Hearst Museum object titled Sarong, accession number 9-21210, described as Sarong.  “Rising sun” motif.  Consists of 3 pieces of cloth sewn to each other at selvedges, and then together at warp ends to form tube skirt.  Top piece = ~13cm (weft direction) undecorated loosely woven off-white plain weave; outer selvedge cut and unhemmed.  Middle piece = ~53cm (weft direction) undecorated loosely woven black plain weave.  Bottom piece = 36cm (weft direction) band, black warp and weft and bands of colored warp stripes at each side, bordering narrow band of repeating supplementary weft pattern in off-white, and broad area of extensive embroidery in warp direction.  Embroidered pattern features repeating off-white suns; suns are outlined in red thread.  There are also many smaller motifs embroidered in yellow, orange, green, blue, and red.  Outer 2 warps are yellow.  105cm x 61cm.

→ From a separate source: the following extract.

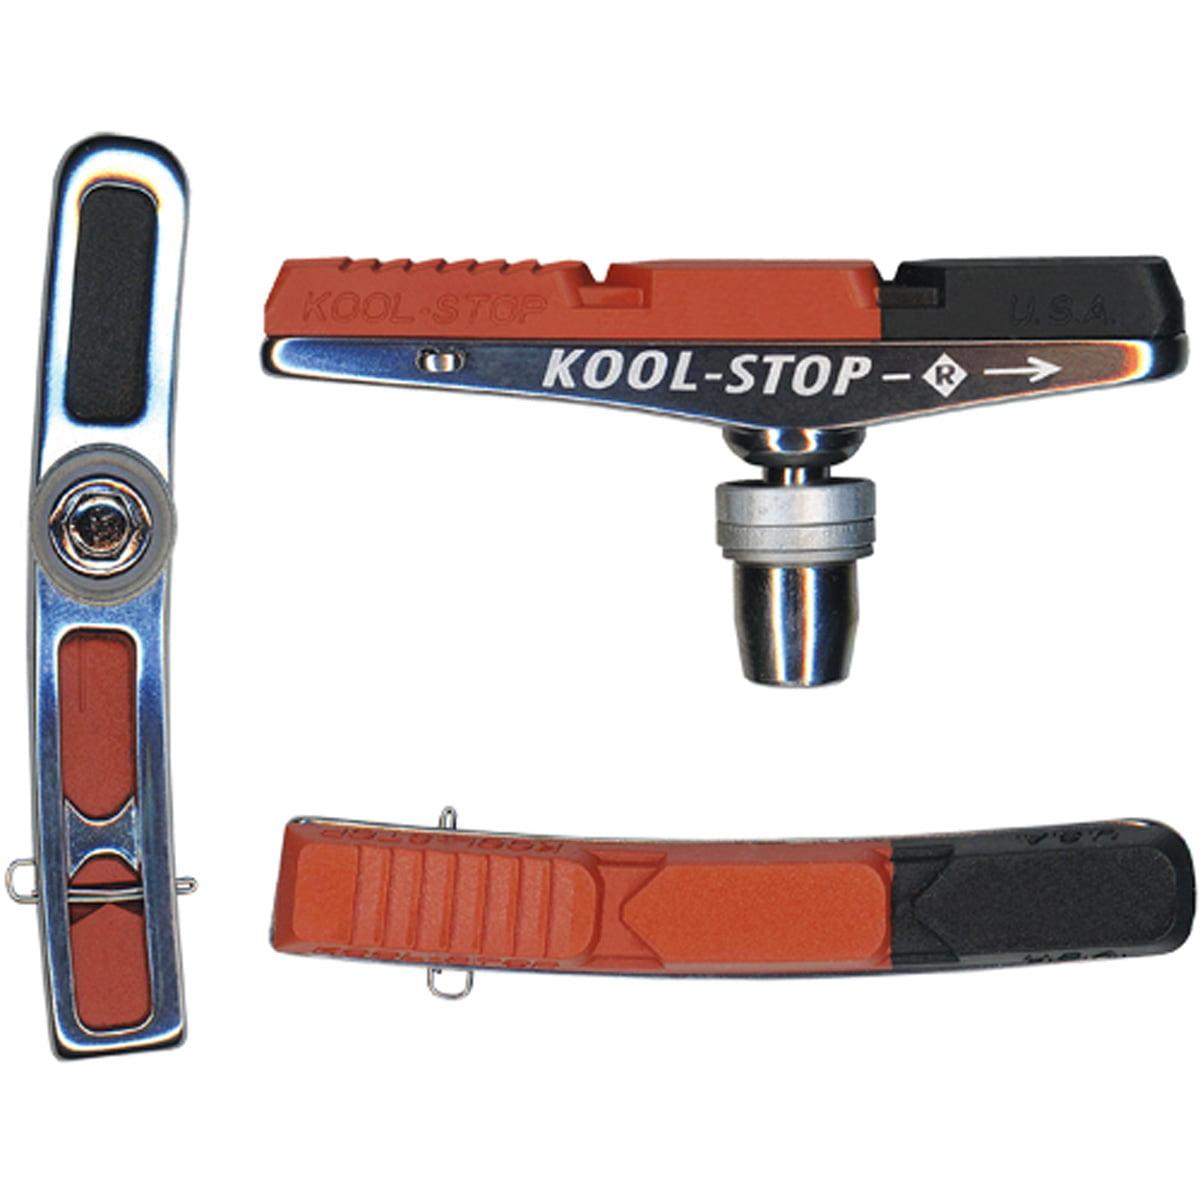 Kool-Stop V-Type 2 Dual Compound Bicycle Brake Pads - Red/Black - Pair - KS-VBH2
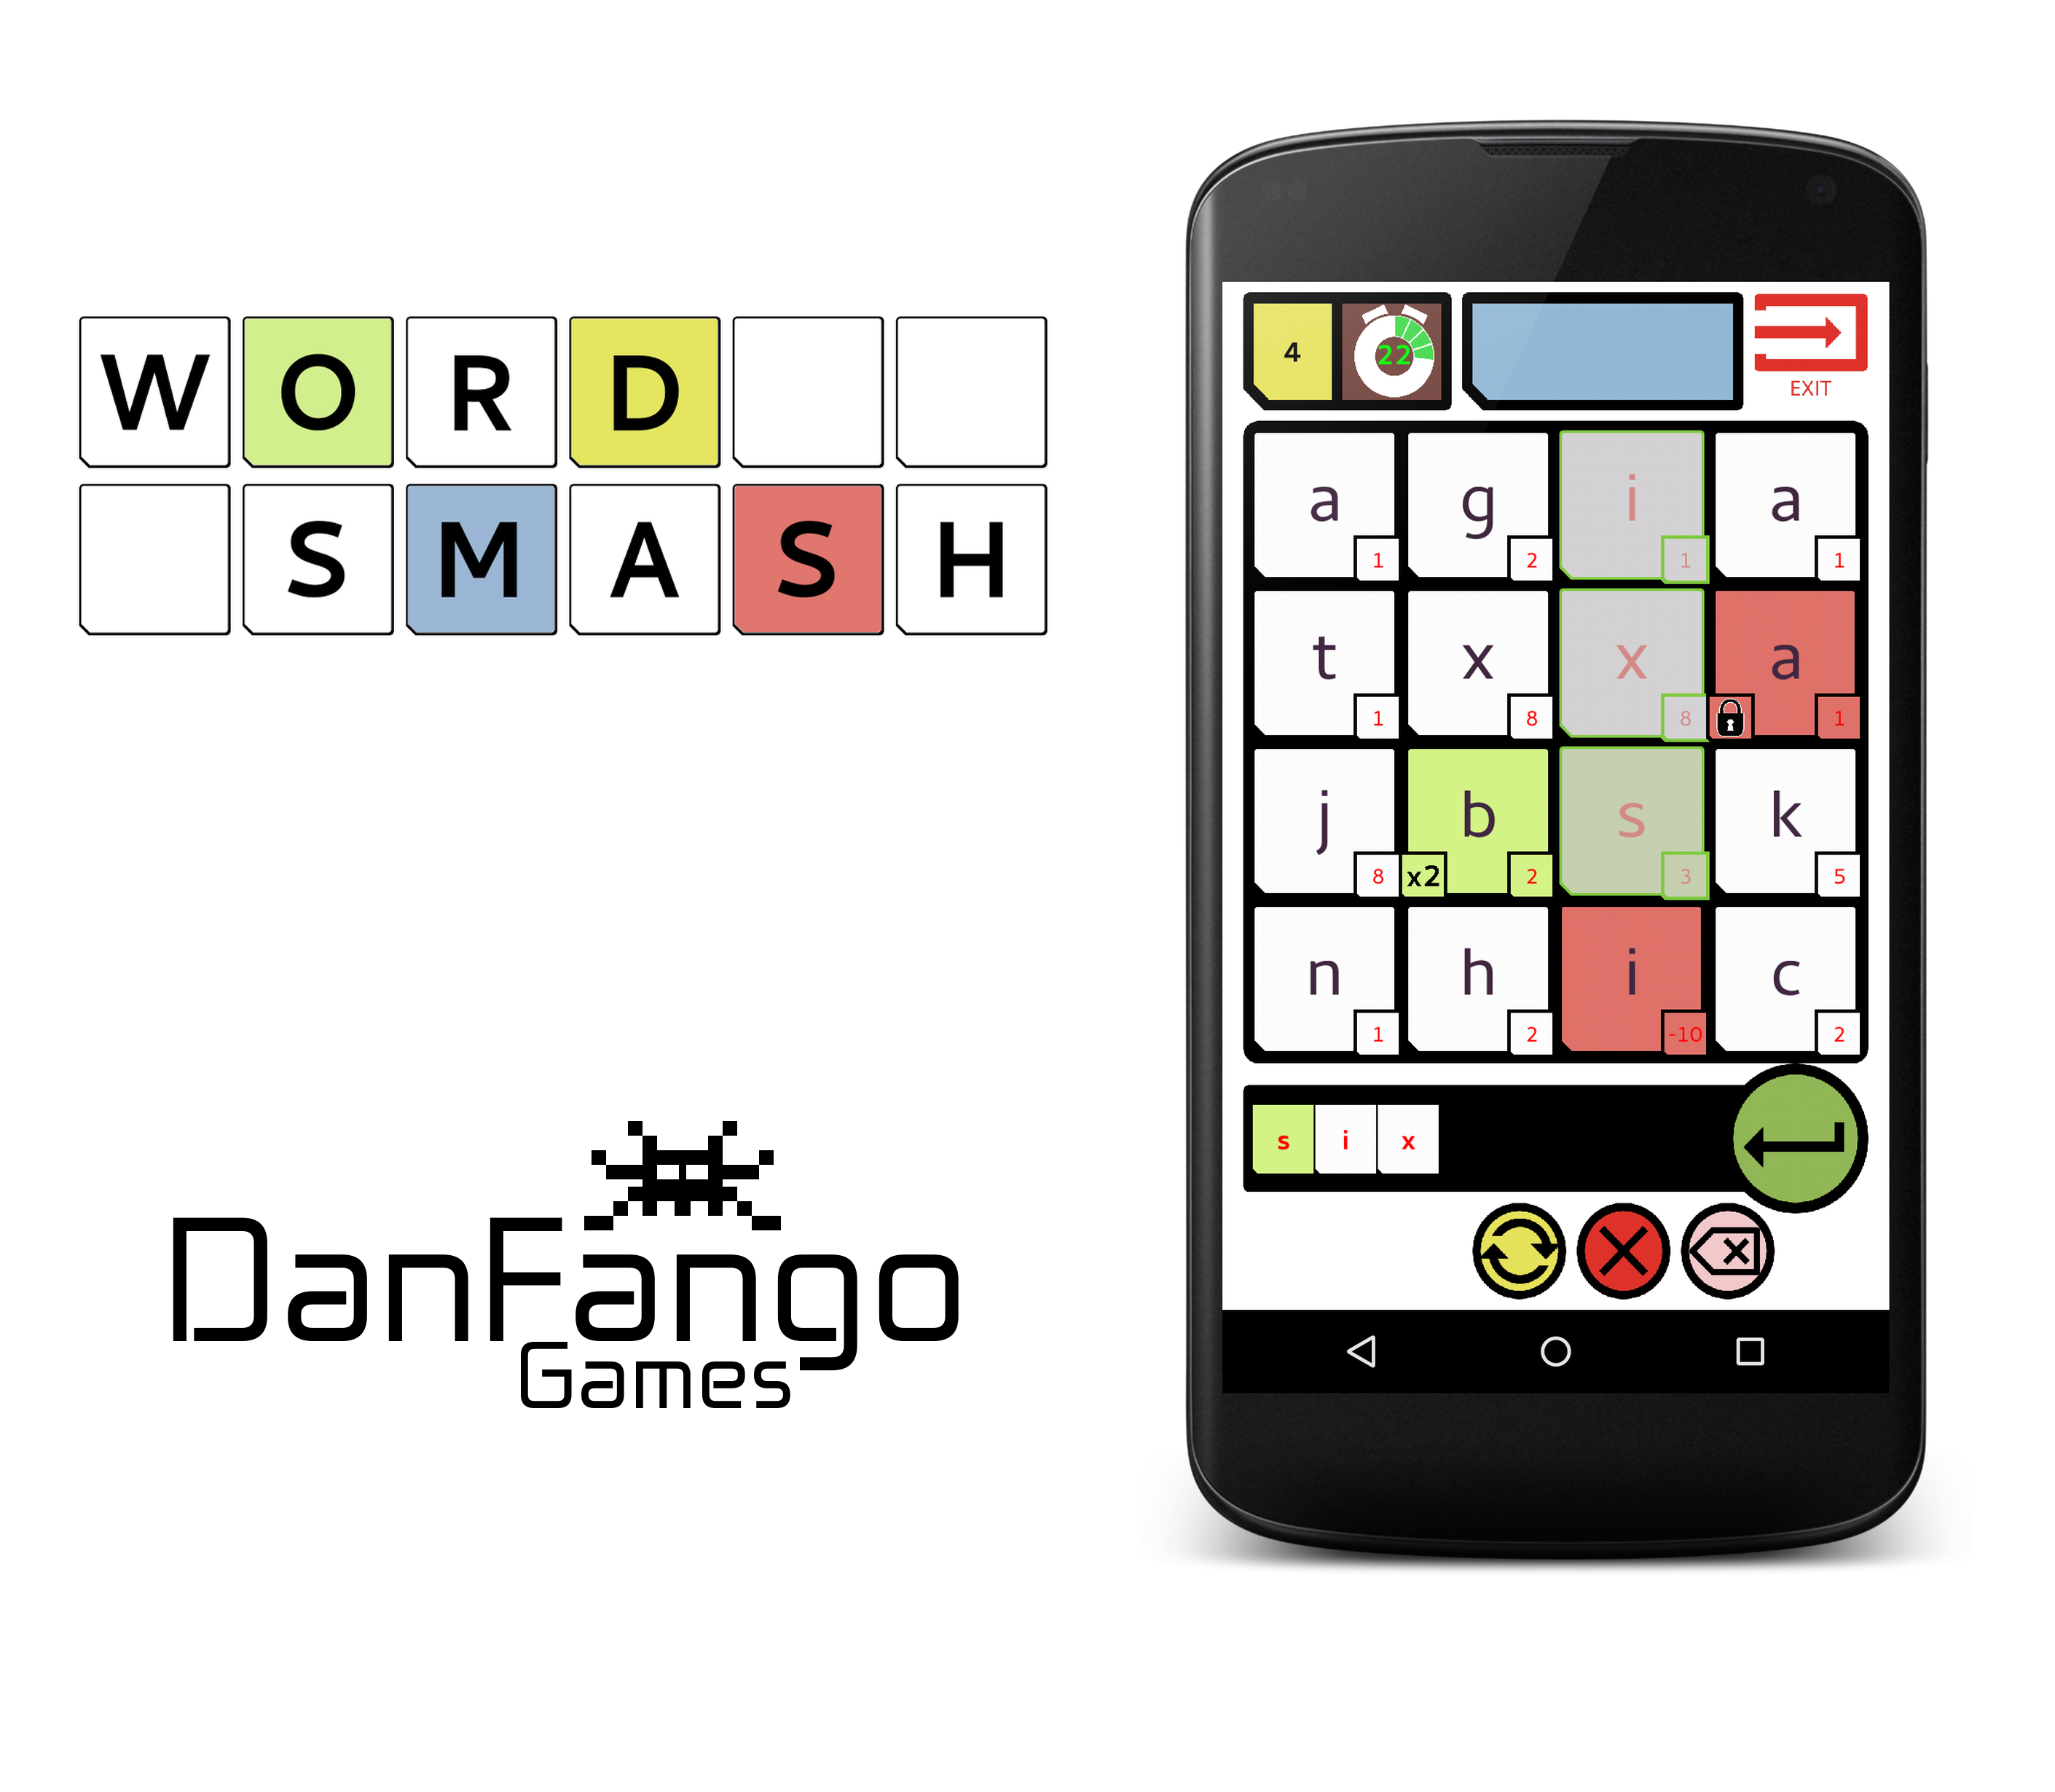 WordSmash

Hearst Museum object titled Sarong, accession number 9-21205, described as Older sarong.   “Butterflies and flowers”.  Consists of 3 pieces of handwoven cloth, each sewn into a tube at warp ends, then the 3 sewn to each other to form tube skirt.  One piece very loosely woven off-white plain weave, completely undecorated.  Outer edge ravelled; note that these are weft, not warp, ends.    Other end off-white cloth sewn to dark blue cloth, balanced plain weave, dark blue warp and weft, completely undecorated.  Blue cloth much more tightly woven than off-white cloth.  Other end blue cloth sewn to black cloth, balanced plain weave, black warp and weft, extensively decorated in bright colors.  Bands of warp stripes in off-white, pink, orange, yellow, pale blue-green at selvedges; broader of 2 warp stripe bands also has purple-blue stripes.  Warp stripe bands enclose 16cm W band of extensive embroidery in a variety of motifs in off-white, yellow, blue-green, and 2 shades of pink, and 4cm W band of off-white supplementary weft in pattern which repeats around width of sarong.  Last 2 warps at outer selvedge are bright pink, resulting in decorative edging.  Sarong ~94cm x 57 cm (double thickness, as sewn).